Dataset Splits No Dataset We use the code of Allamanis et al. (2021) to generate a dataset of randomly inserted bugs to train and evaluate a neural network in a supervised fashion. Consequently, we obtain a new variant of the Random Bugs test dataset, consisting of 760k graphs. We additionally re-extract the Py PIBugs dataset with the provided script, generating hypergraphs as consumed by HEAT, and graphs generated by the baseline models. Training and evaluation Training is performed as in Galkin et al. (2020) using binary cross entropy with label smoothing. We trained our model for 1k epochs with a learning rate of 0.0004 and batch size of 512. Hyperparameters were fine-tuned manually, using the provided validation set in the Star E implementation. (Explanation: The paper mentions using code to generate datasets for training and evaluation, and fine-tuning hyperparameters using a validation set. However, it does not provide specific percentages, counts, or methodology for how the datasets are split into training, validation, and test sets, which is necessary for reproducibility.)
Hardware Specification No On the other hand, processing each hyperedge separately would not make use of parallel computation in modern GPUs.
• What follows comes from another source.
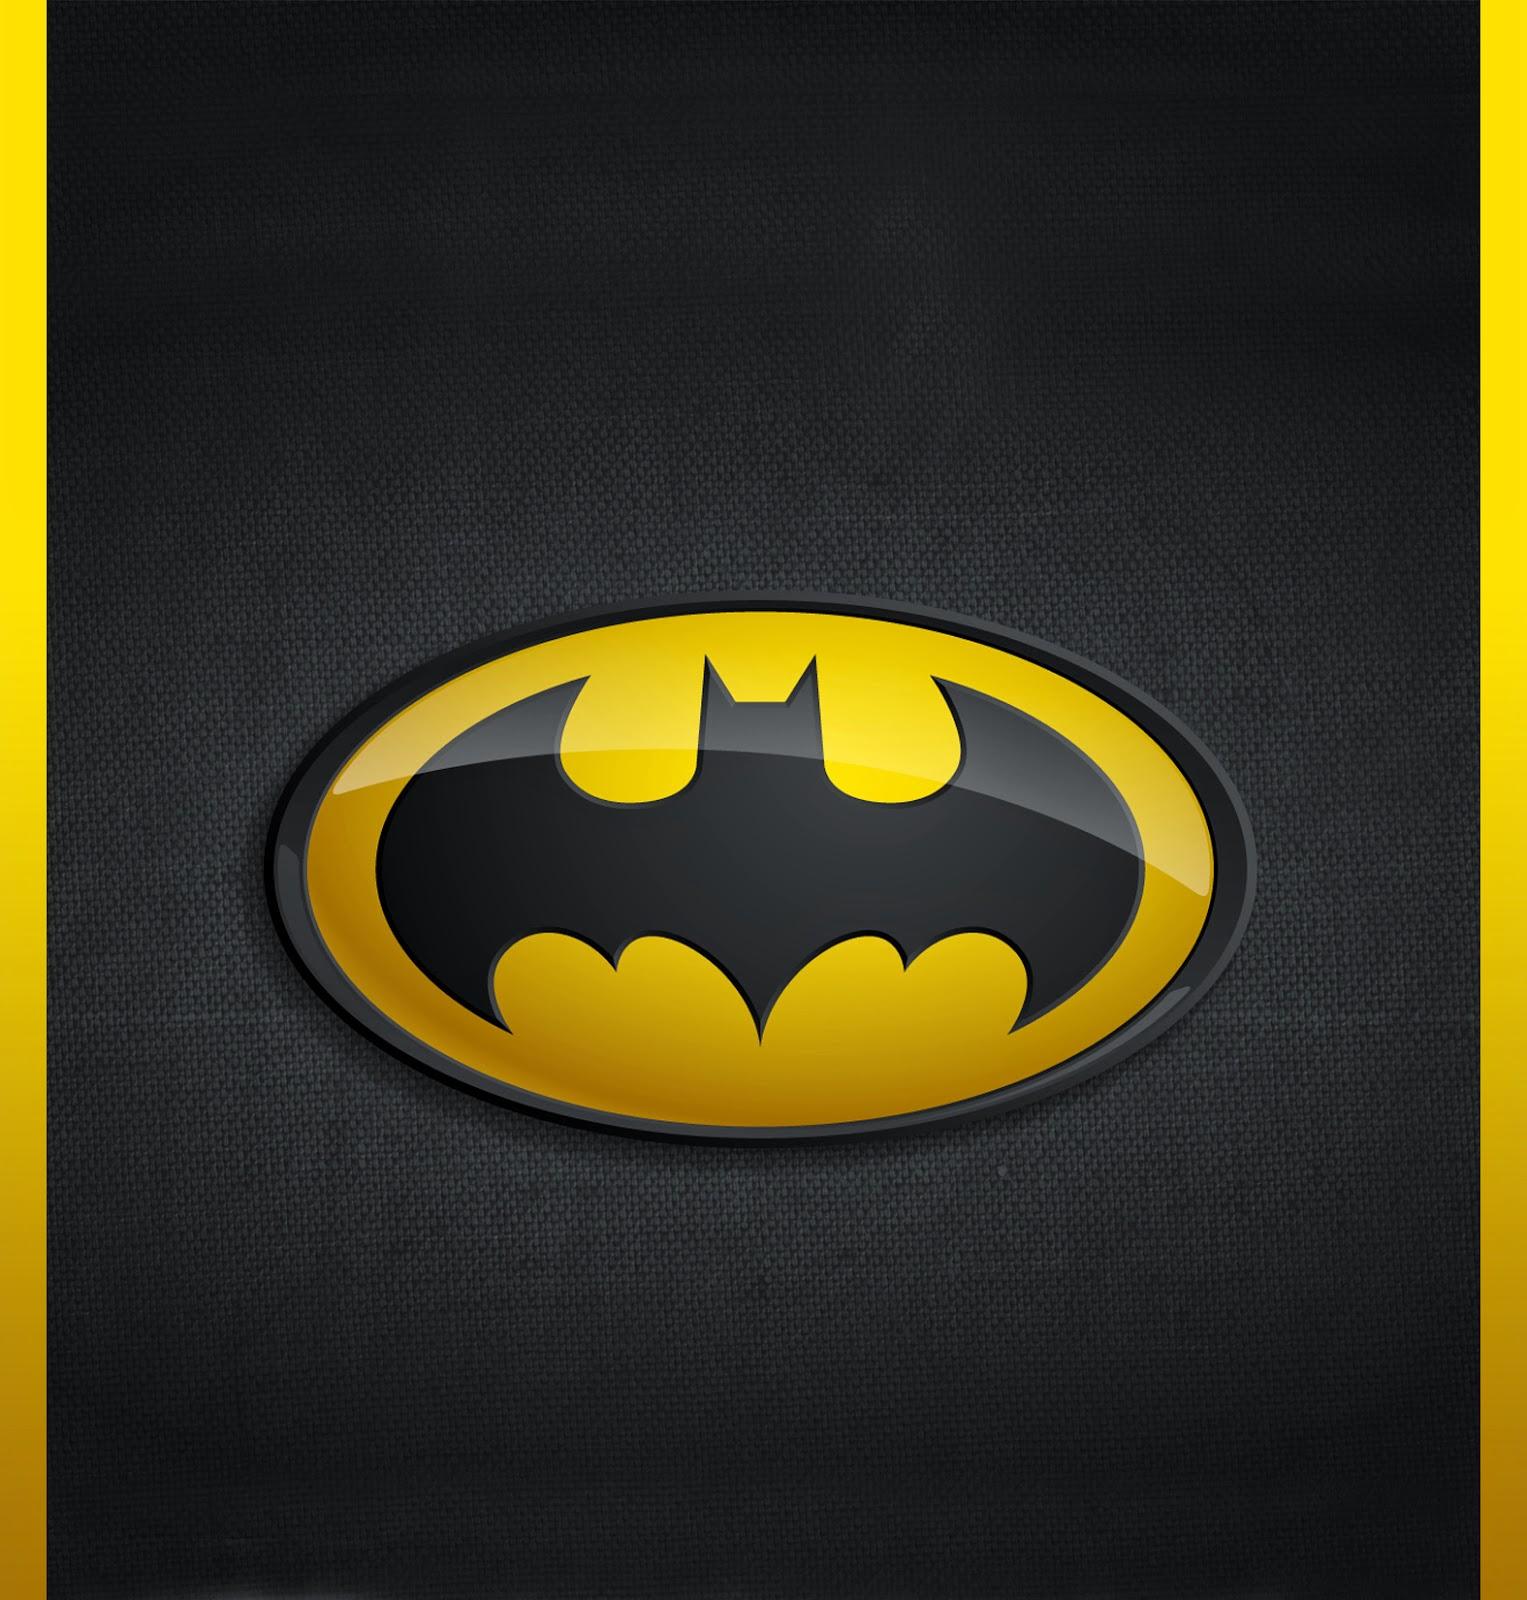 Batman Free Printable Chocolate Wrapper Oh My Fiesta
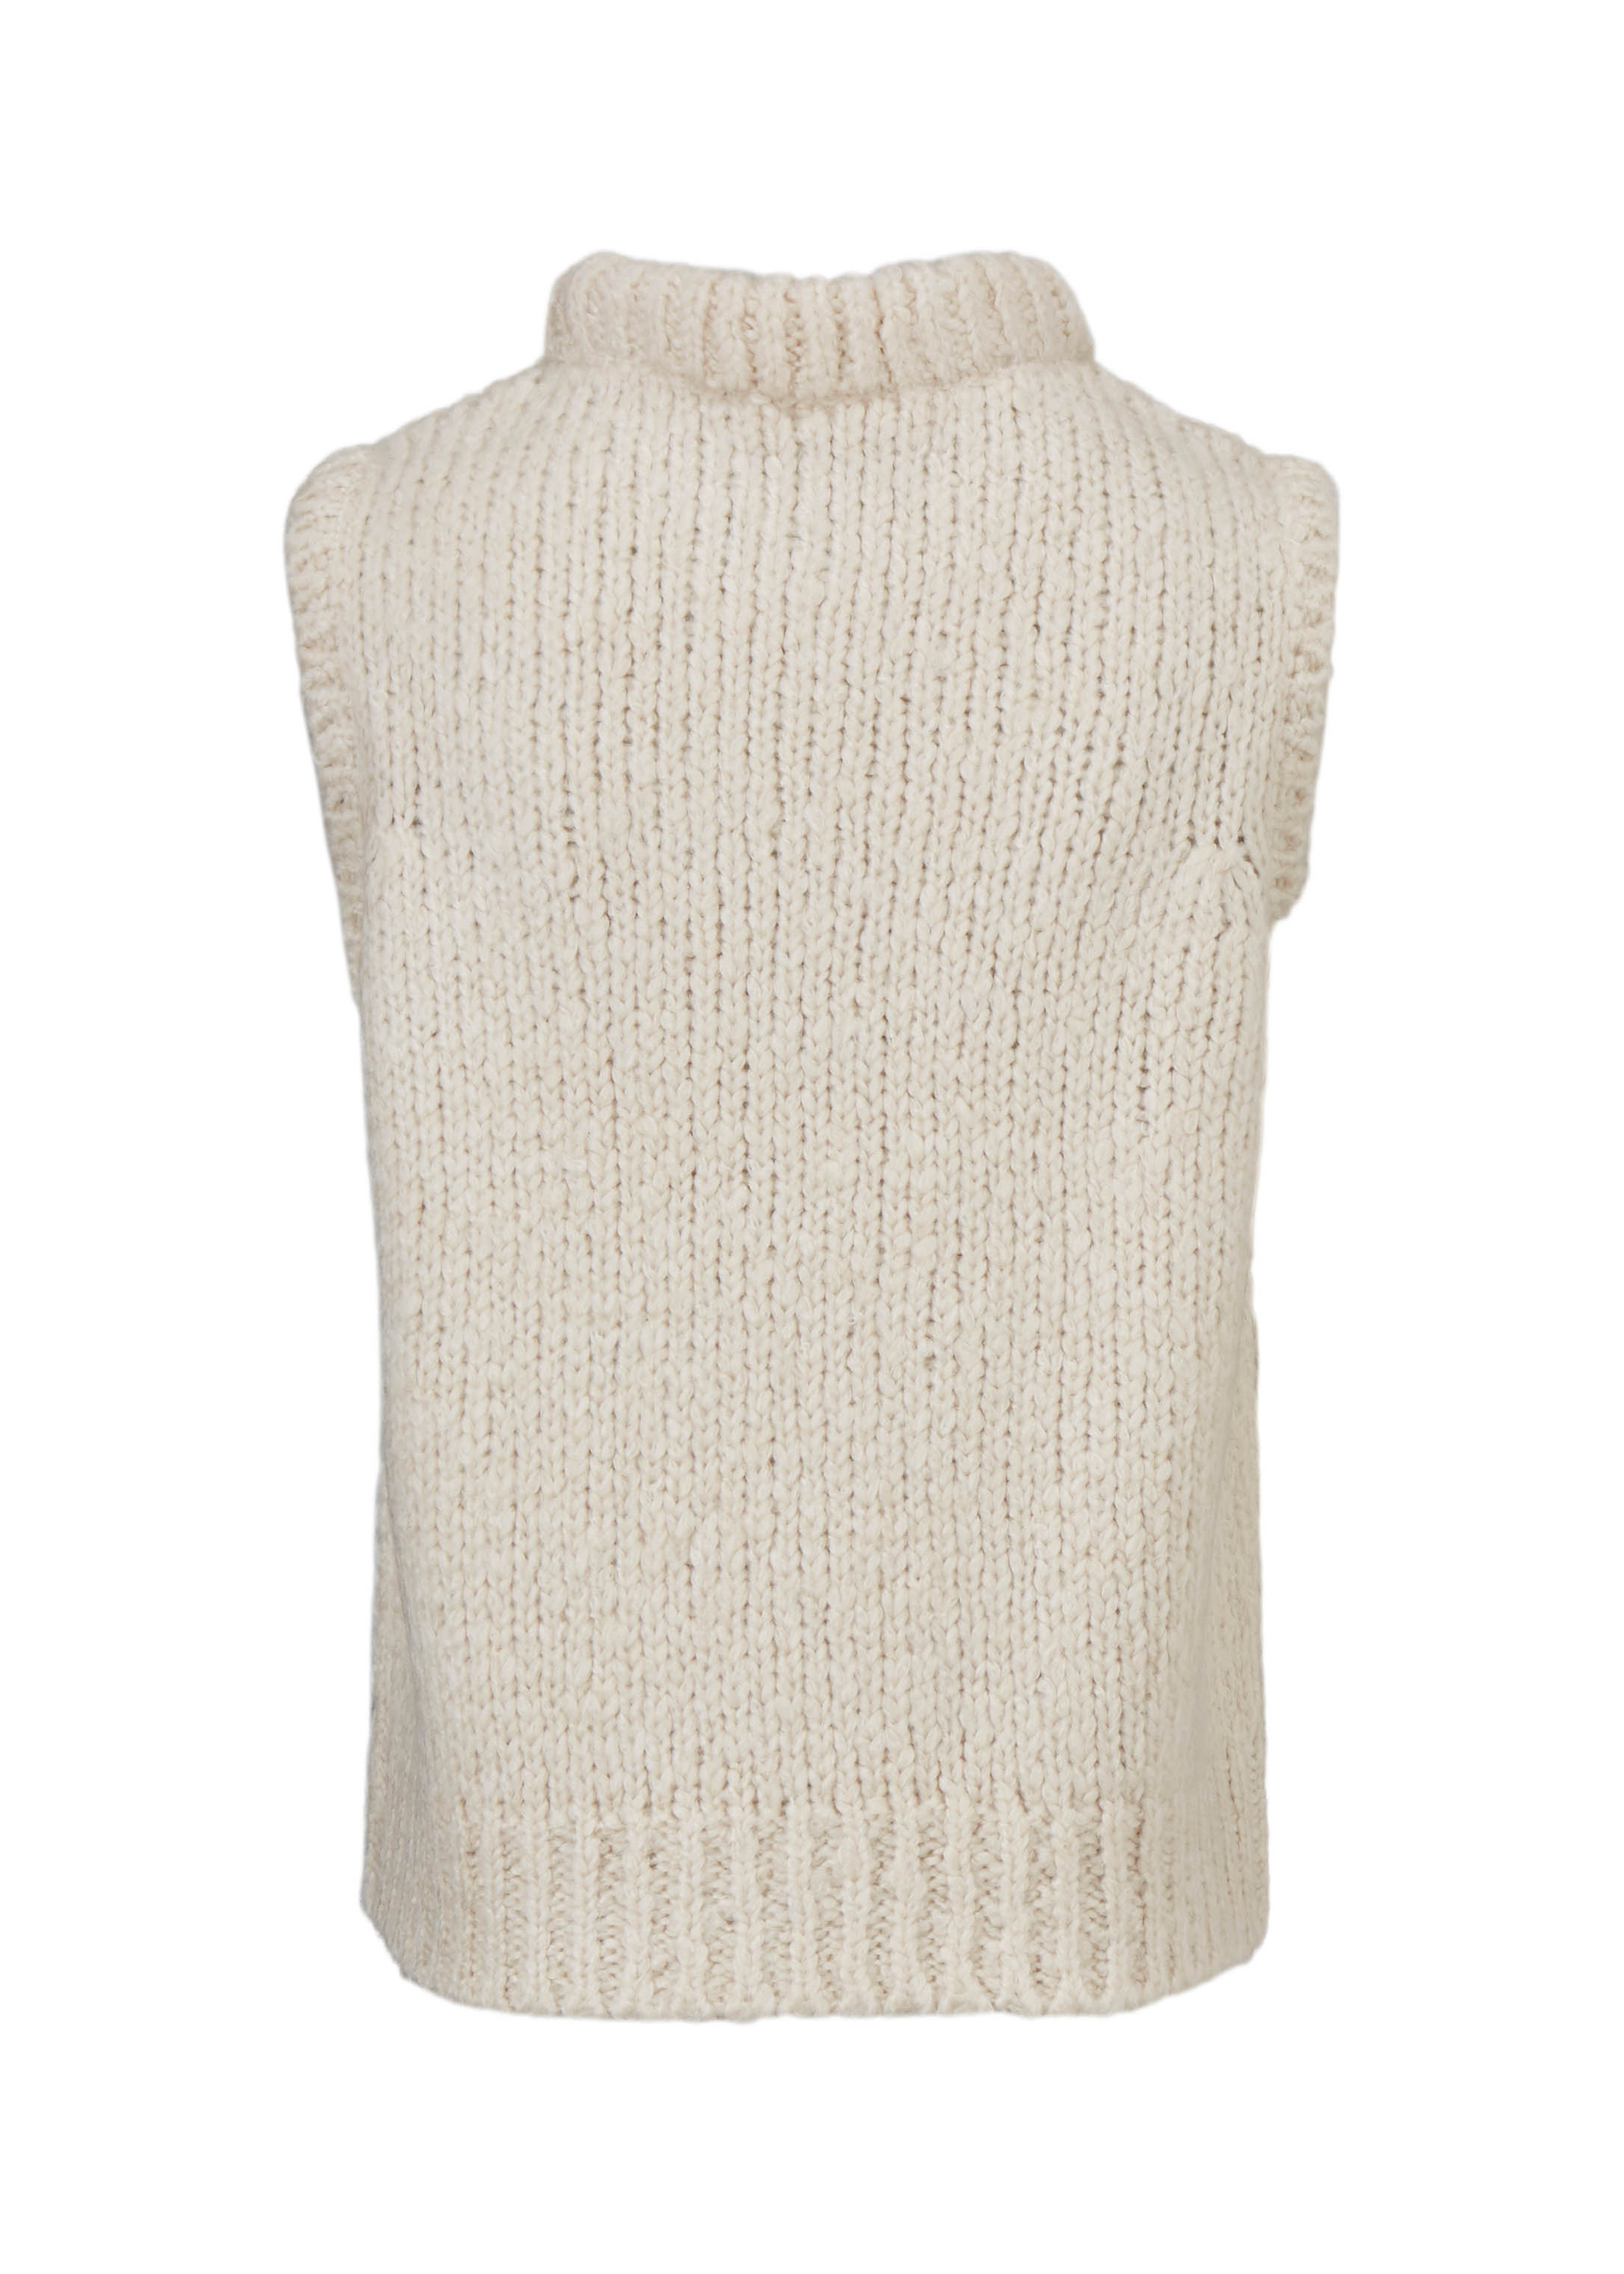 Modström Valentia vest, off-white, medium

This process is performed in-CPU during the minibatch preparation. (Explanation: The paper mentions "modern GPUs" and "in-CPU" for computation, but does not provide specific models or specifications for the hardware used in the experiments.)
Software Dependencies No We implemented it as a Py Torch (Paszke et al., 2019) Module, available on the heat branch of https://github.com/microsoft/neurips21-self-supervised-bug-detection-and-repair/tree/heat. (Explanation: The paper mentions "Py Torch" as the framework used, but does not specify a version number, nor does it list any other software dependencies with their versions.)
Experiment Setup Yes Model Architecture We modify the architecture of Allamanis et al. (2021) to use 6 HEAT layers with hidden dimension of 256, 8 heads, feed-forward (FFN in Eq. 4) hidden layer of 2048, and dropout rate of 0.1. We used a single layer of HEAT with embedding size of 100 and a single layer of the Transformer used for calculating the final predictions. We trained our model for 1k epochs with a learning rate of 0.0004 and batch size of 512.